- [DATA BLOCK]
■ ■ ■ ■ ■ ■ ■

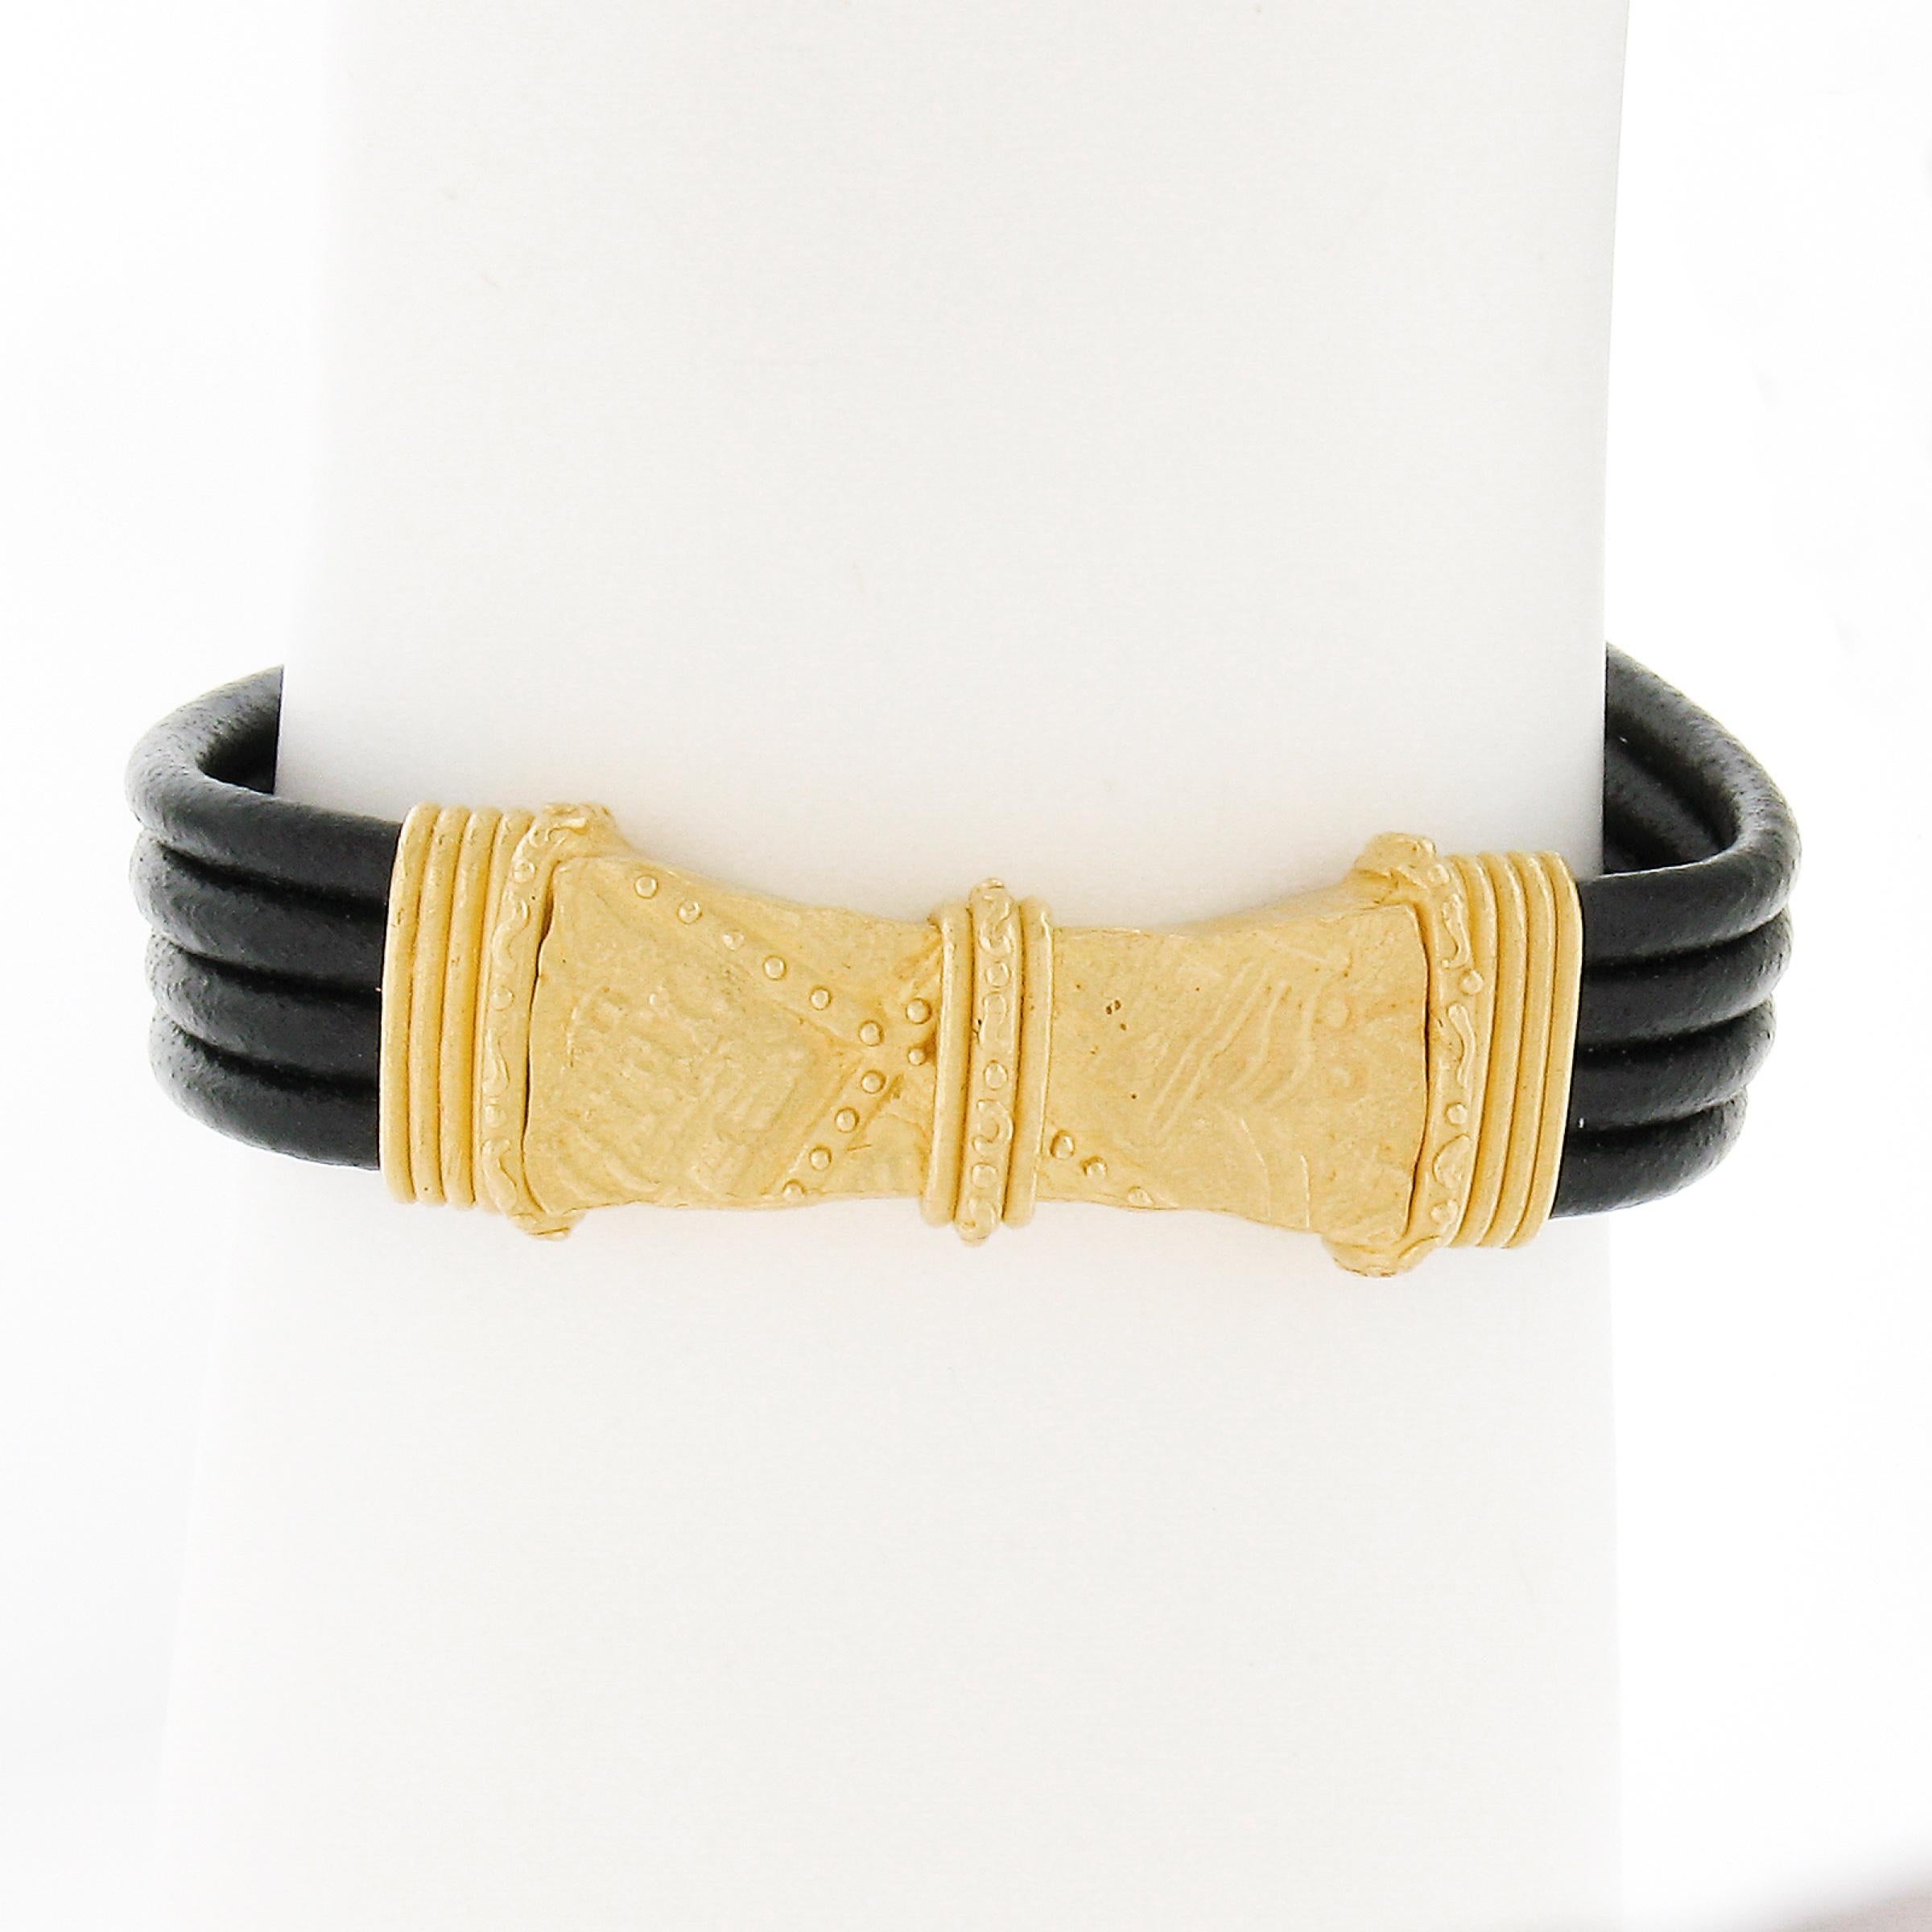 Material: Solid 22k Yellow Gold w/ Black Leather Cord
Weight: 41.43 Grams
Chain Type: 4 Row Black Leather Cord - 3mm
Size: Will Comfortably fit 6.5

■ ■ ■ ■ ■ ■ ■

- [TASK PROMPT] What you return should be only the lines from the line containing "Weight: 41.43 Grams" through the end of the material above, reproduced exactly, first and last included.

- [RESULT OF THIS TASK]
Weight: 41.43 Grams
Chain Type: 4 Row Black Leather Cord - 3mm
Size: Will Comfortably fit 6.5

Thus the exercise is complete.